Но Лили конечно же оглянулась. Как только она увидела, кто привлек внимание Маргарет, она пригнула голову, сердце забилось вдвое чаще и в горле встал ком. Мимо них прошел тот человек, которого она видела в темном переулке Ньюфорда, тот самый, что напал на нее, ранил Хэнка, а потом был убит. Это невероятно.
— Кажется, он нас не заметил, — сказала Маргарет. — Но в любом случае тебе лучше побыстрее сесть в самолет.
— Он… Ведь он должен быть убит…
Лили понимала, что в ее словах нет никакой логики, но Маргарет молча кивнула, как будто обо всем знала.
— Тот человек убит, — сказала она. — А это один из его братьев, Джерард.
До Лили не сразу дошел смысл ее слов. Но вот она сделала глубокий вдох и взяла Маргарет за руку.
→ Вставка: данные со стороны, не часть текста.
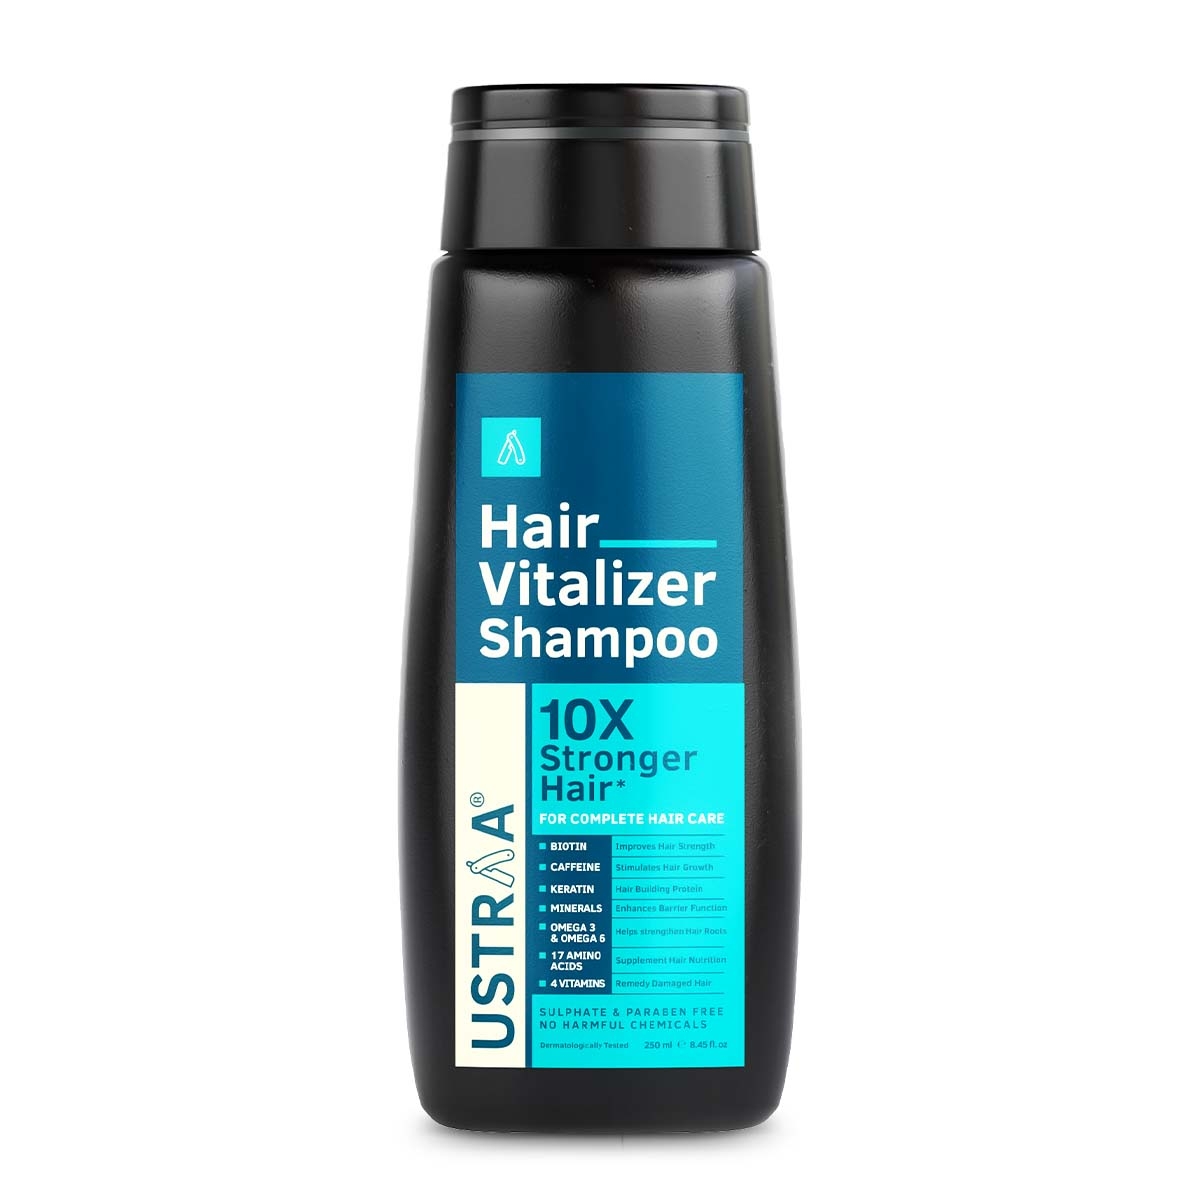 Ustraa Hair Vitalizer Shampoo - 250ml & Daily-Use Hair Cream - 100g

— Как ты об этом узнала? — спросила она.
— Слухи быстро распространяются.
— Нет, — покачала головой Лили. — Здесь что-то не так. Что происходит? Кто ты?
— Друг.
И вдруг Лили догадалась:
— Ты — как те две девушки из той страшной ночи, правда? Тогда, в Ньюфорде, они убили…
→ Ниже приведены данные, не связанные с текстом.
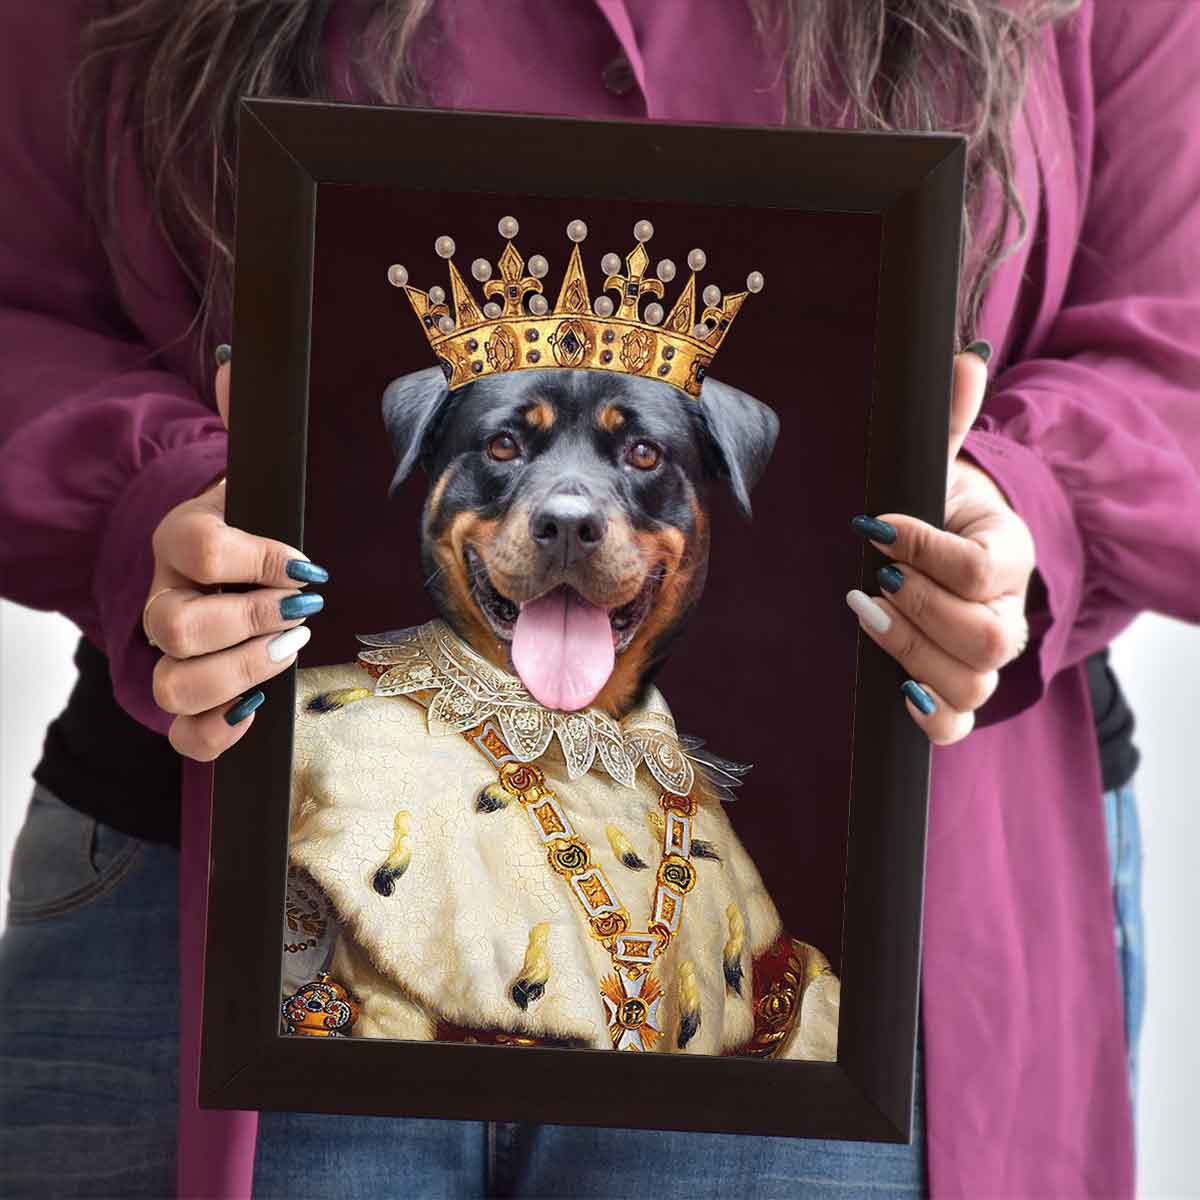 His Highness Digital Portrait Photo Frame

Из динамиков донеслось предупреждение об окончании посадки.
— Это твой рейс, — сказала Маргарет. — Тебе лучше поторопиться. Я задержу его, если увижу, что он собирается лететь тем же самолетом.
Она повернулась, чтобы уйти, но Лили не выпускала руку Маргарет.
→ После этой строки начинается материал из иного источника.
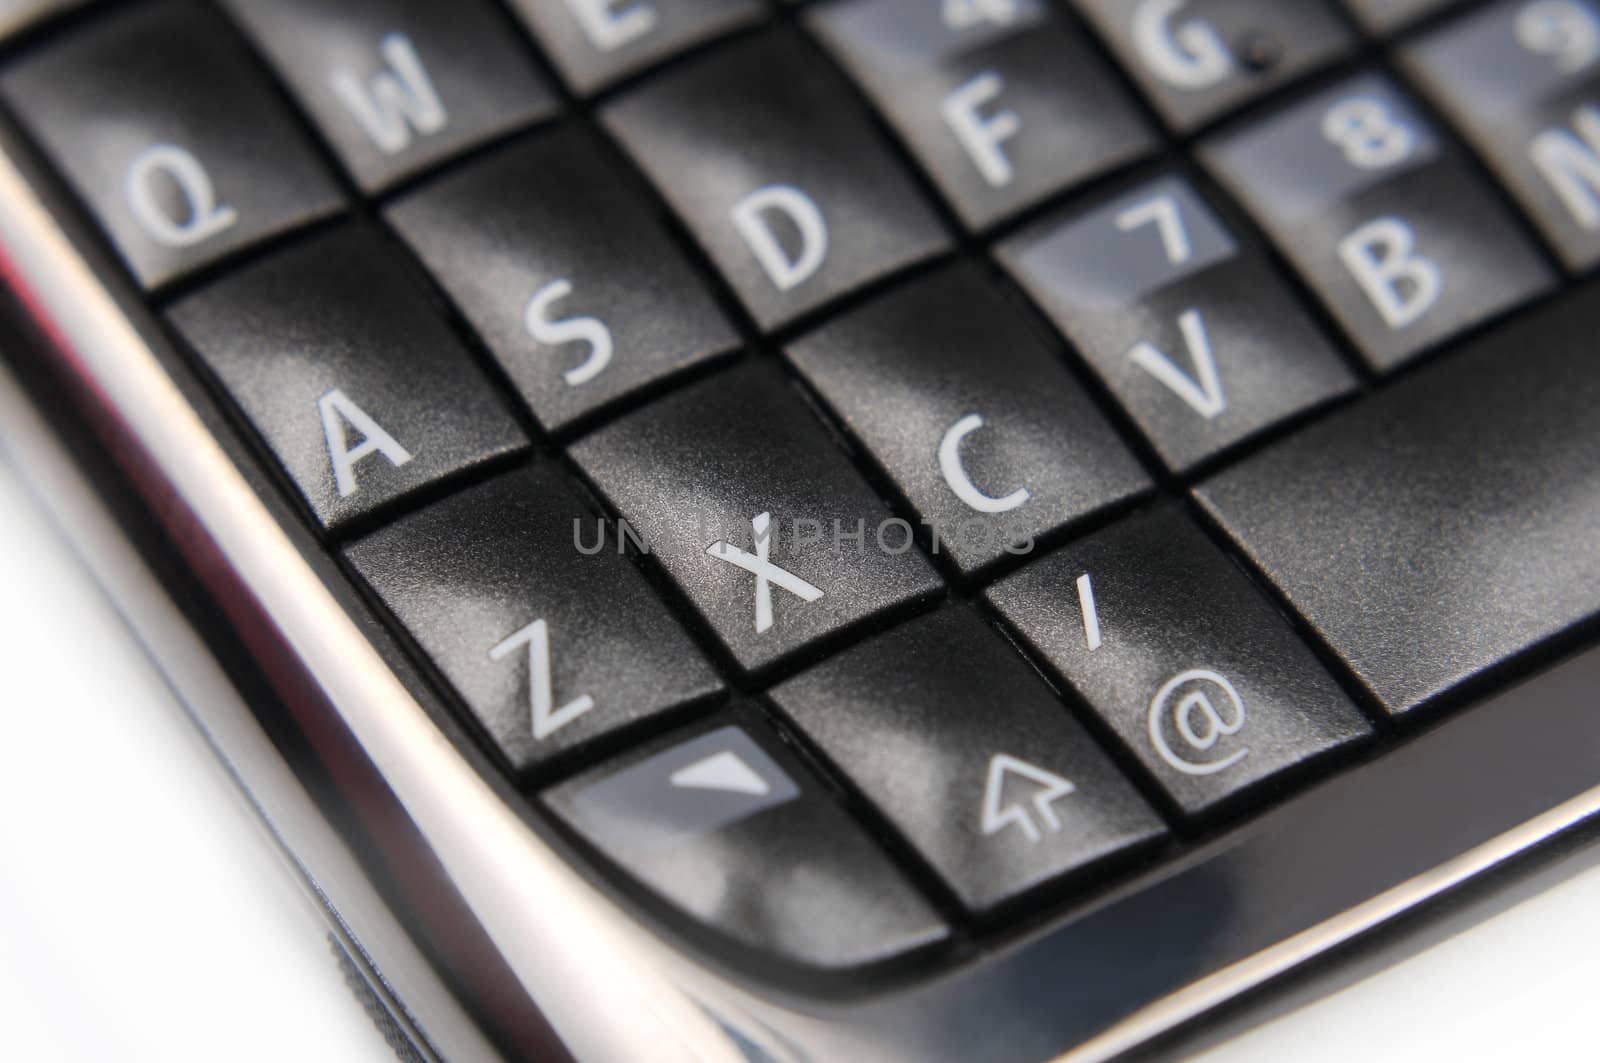 Smartphone keyboard by gravityimaging1

— Что происходит? — настаивала она.
Маргарет разжала пальцы Лили — не грубо, но безо всяких усилий, что говорило о том, что женщина гораздо сильнее, чем можно было ожидать, глядя на нее.
— Этого никто не знает, — сказала она. — Но всякий, по отношению к кому кукушки проявляют враждебность, автоматически становится нашим другом.
— Но как…
— Раз уж они обратили на тебя внимание, мы сочли необходимым, чтобы я приехала сюда и присмотрела за тобой, на всякий случай.
Лили показалось, что она, как Алиса из сказки, шагнула в Зазеркалье и вместо знакомого вокруг нее оказался совершенно иной мир.
— Так ты знаешь тех двух девушек, которые…
Маргарет подтолкнула ее к выходу:
— Поспеши. Он возвращается.
— Но как…
— Скоро я буду в Ньюфорде. Если встречу тебя там, постараюсь рассказать побольше.
— А…
— Иди.
Лили позволила потоку торопящихся на самолет людей подхватить себя и вскоре очутилась рядом с Шэрон Кларк, гримером из съемочной группы. Шэрон немедленно принялась рассказывать о чудесной галерее, в которой она была сегодня утром, и купленных там изумительных сережках.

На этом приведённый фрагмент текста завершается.